**TASK INPUT**
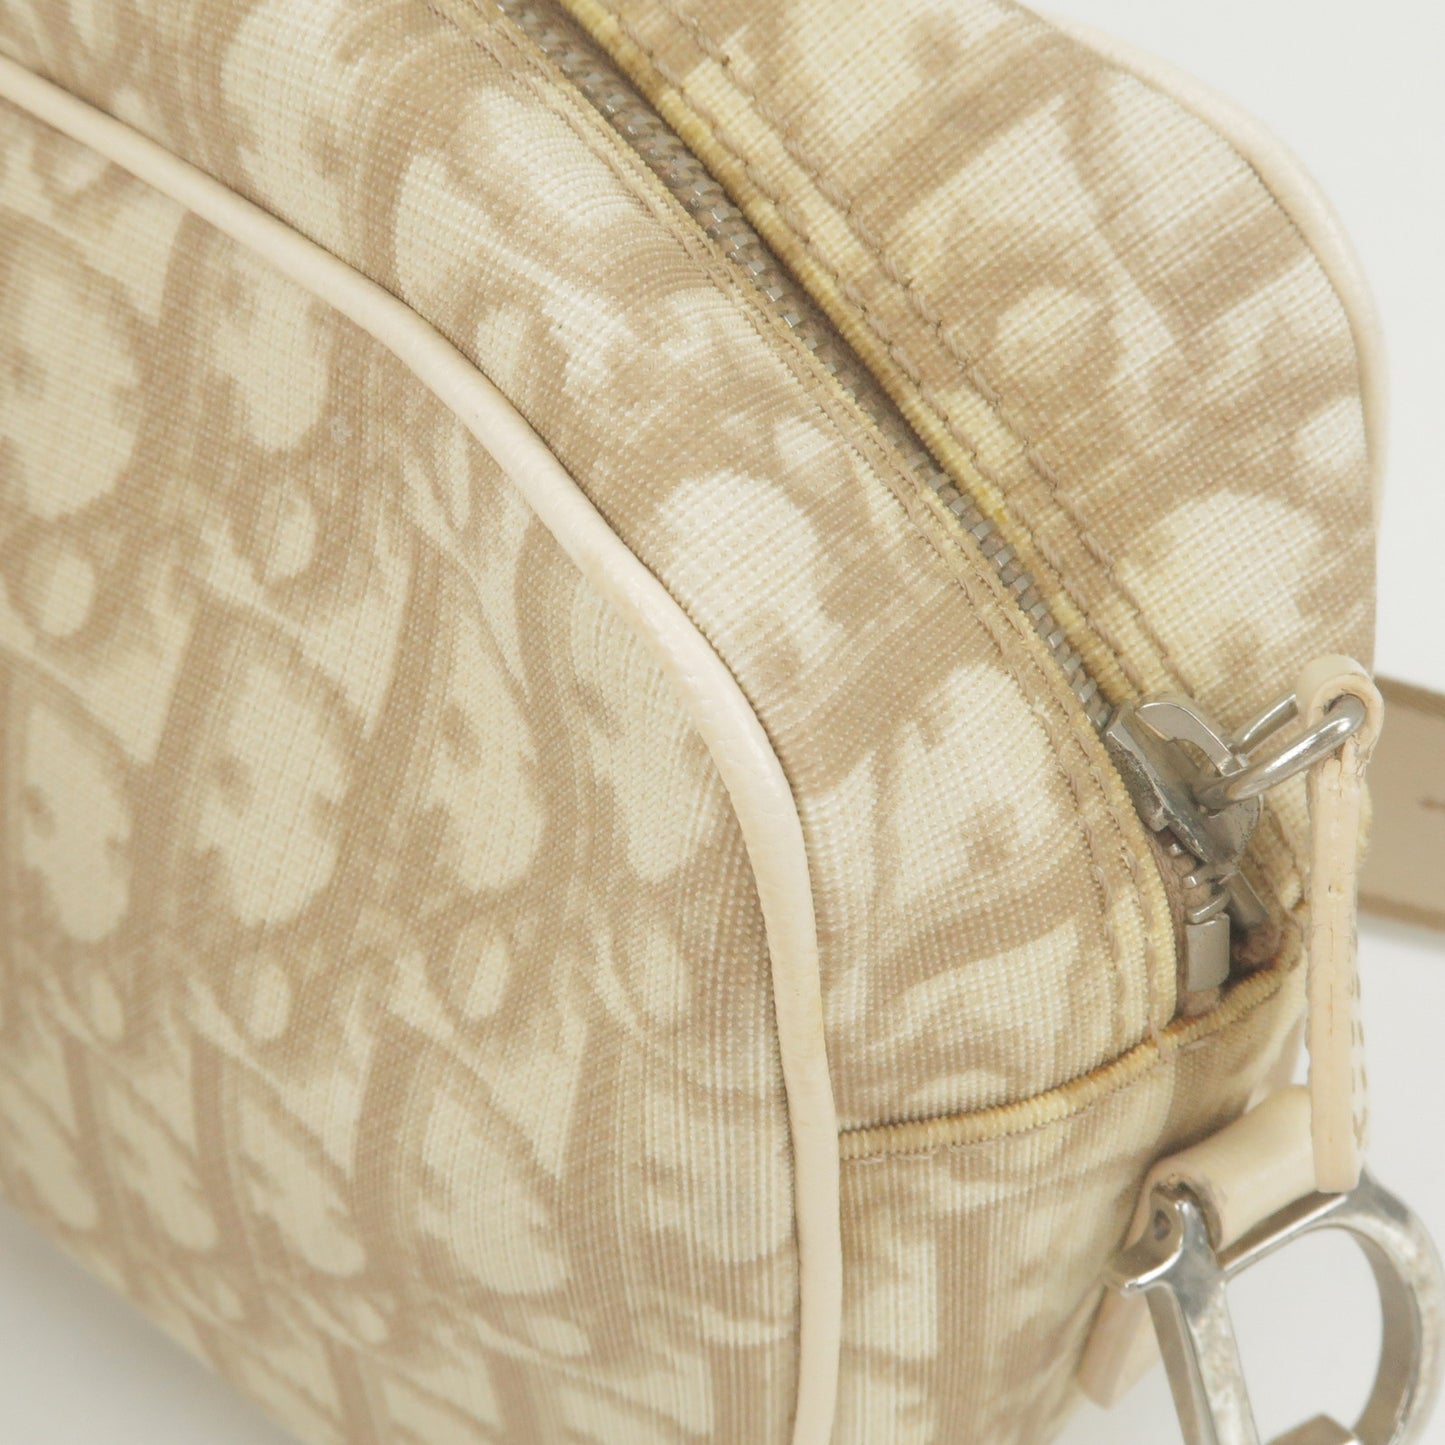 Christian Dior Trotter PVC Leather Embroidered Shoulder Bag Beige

* * *

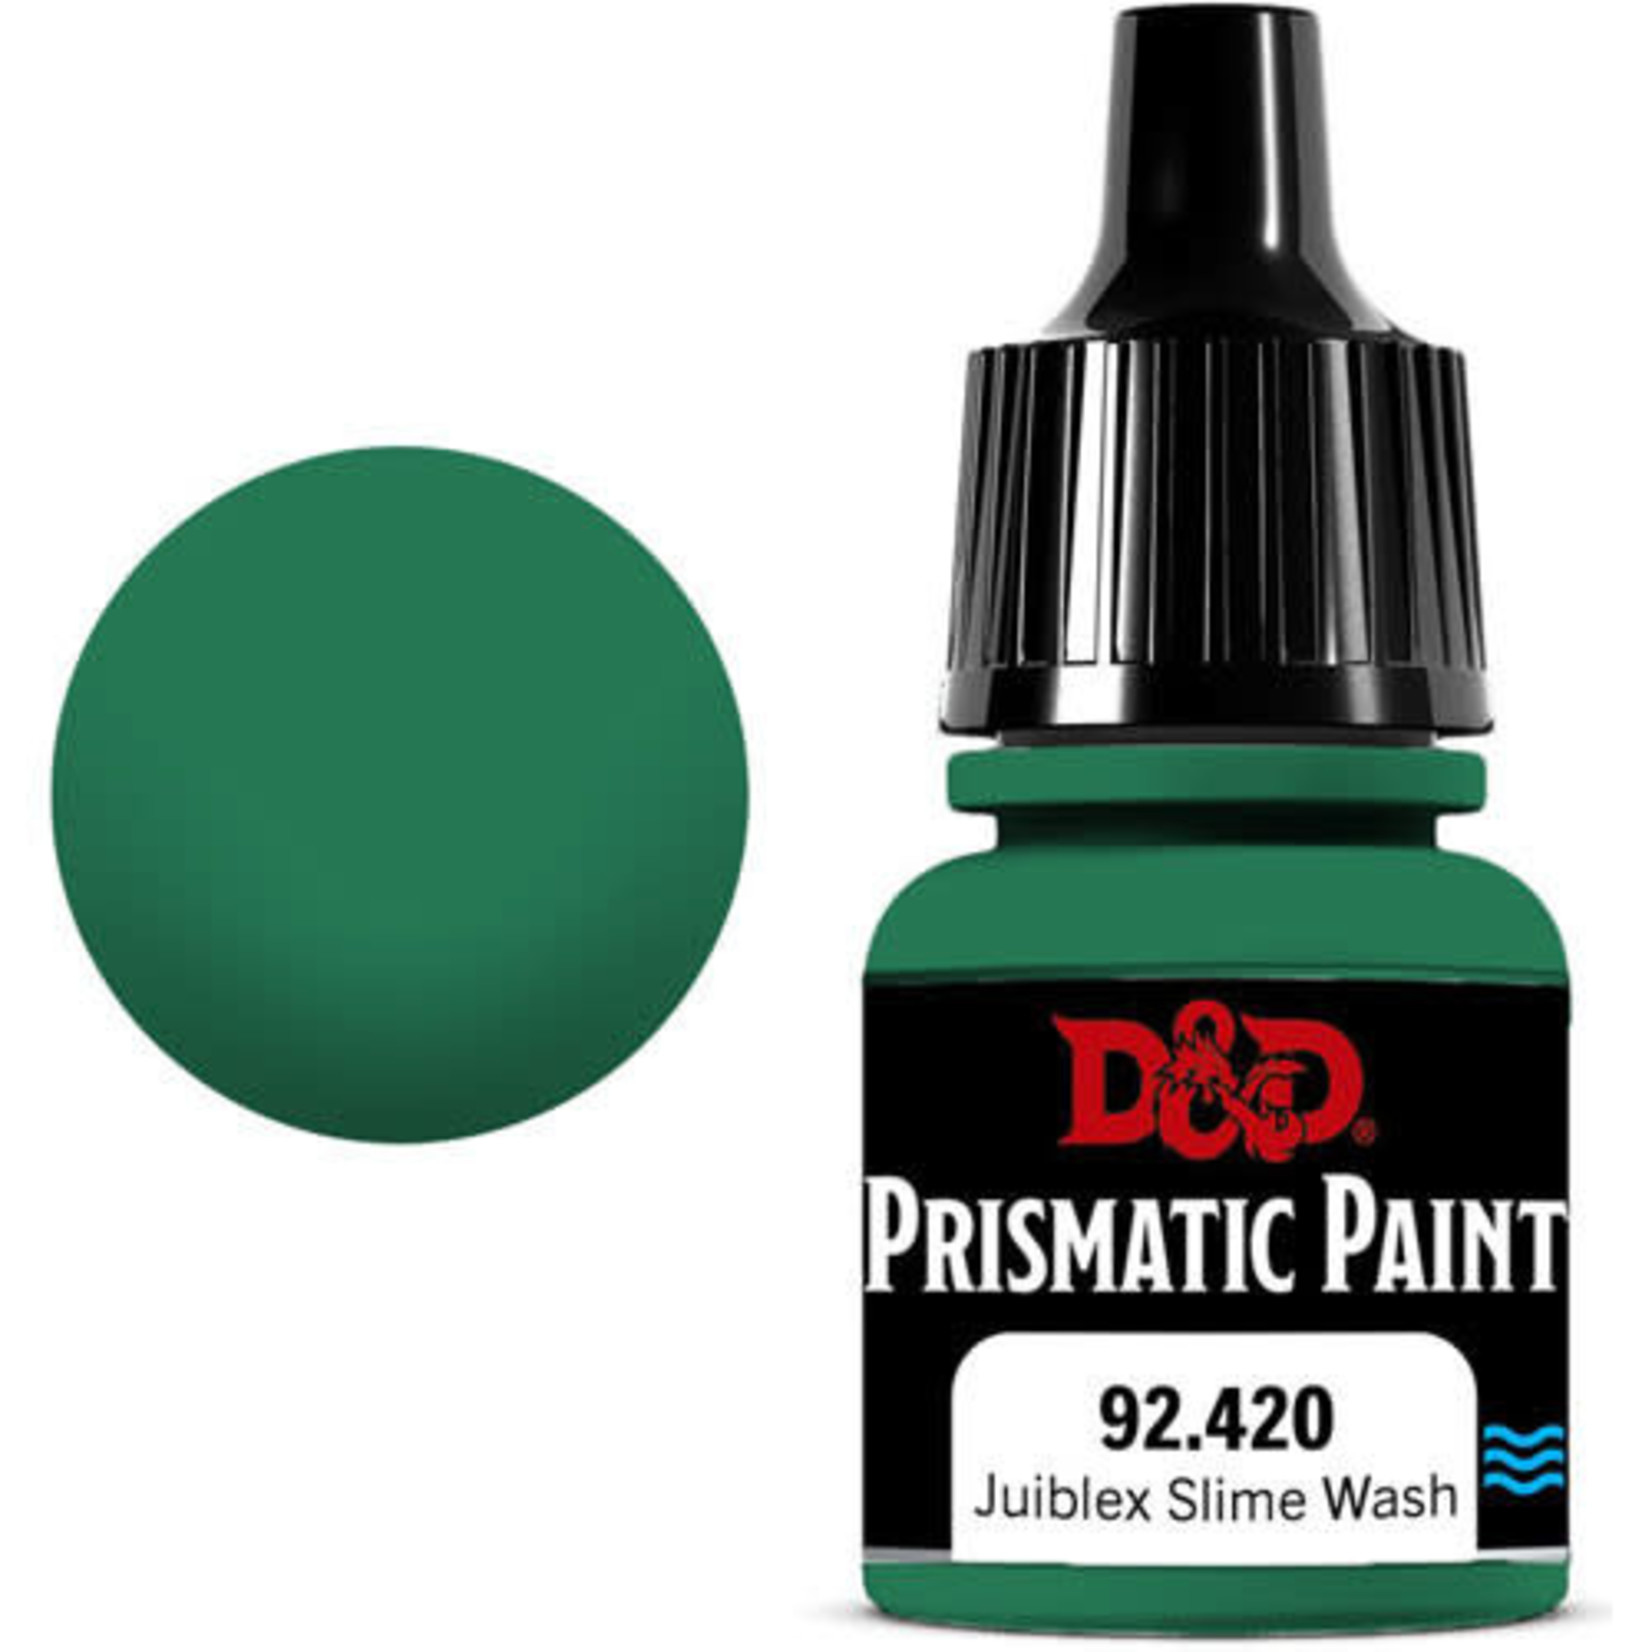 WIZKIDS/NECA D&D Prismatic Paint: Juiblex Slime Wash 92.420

==

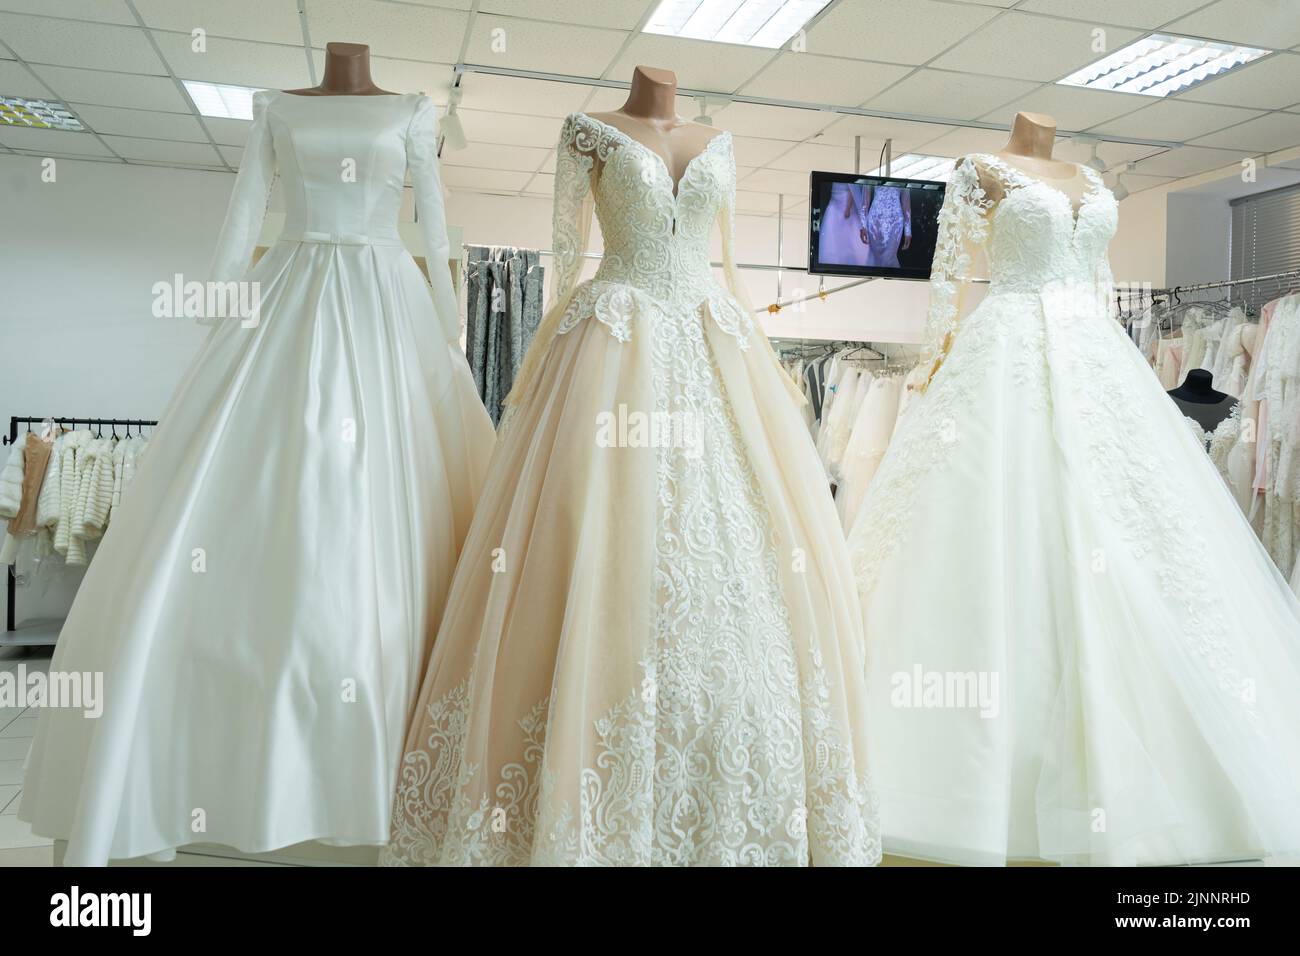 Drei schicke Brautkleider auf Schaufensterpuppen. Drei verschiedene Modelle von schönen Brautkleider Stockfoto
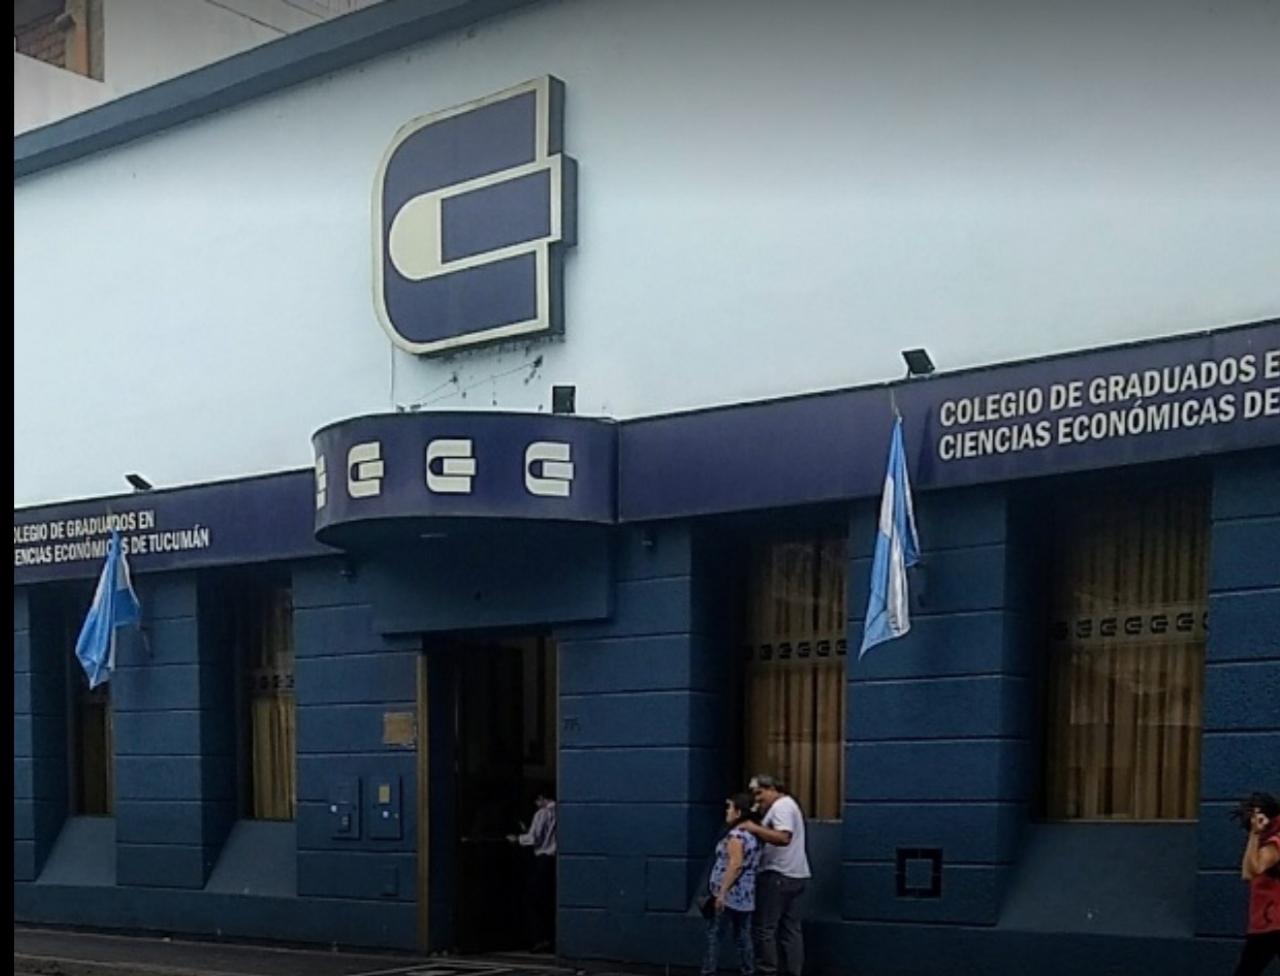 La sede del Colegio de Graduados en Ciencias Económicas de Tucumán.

**TASK DESCRIPTION**
Return exactly the stretch above whose first line contains "Drei schicke Brautkleider" and whose last line contains "La sede del", and nothing outside it. The pictures should not appear.

**RESPONSE TO THIS EXERCISE**
 Drei schicke Brautkleider auf Schaufensterpuppen. Drei verschiedene Modelle von schönen Brautkleider Stockfoto
 La sede del Colegio de Graduados en Ciencias Económicas de Tucumán.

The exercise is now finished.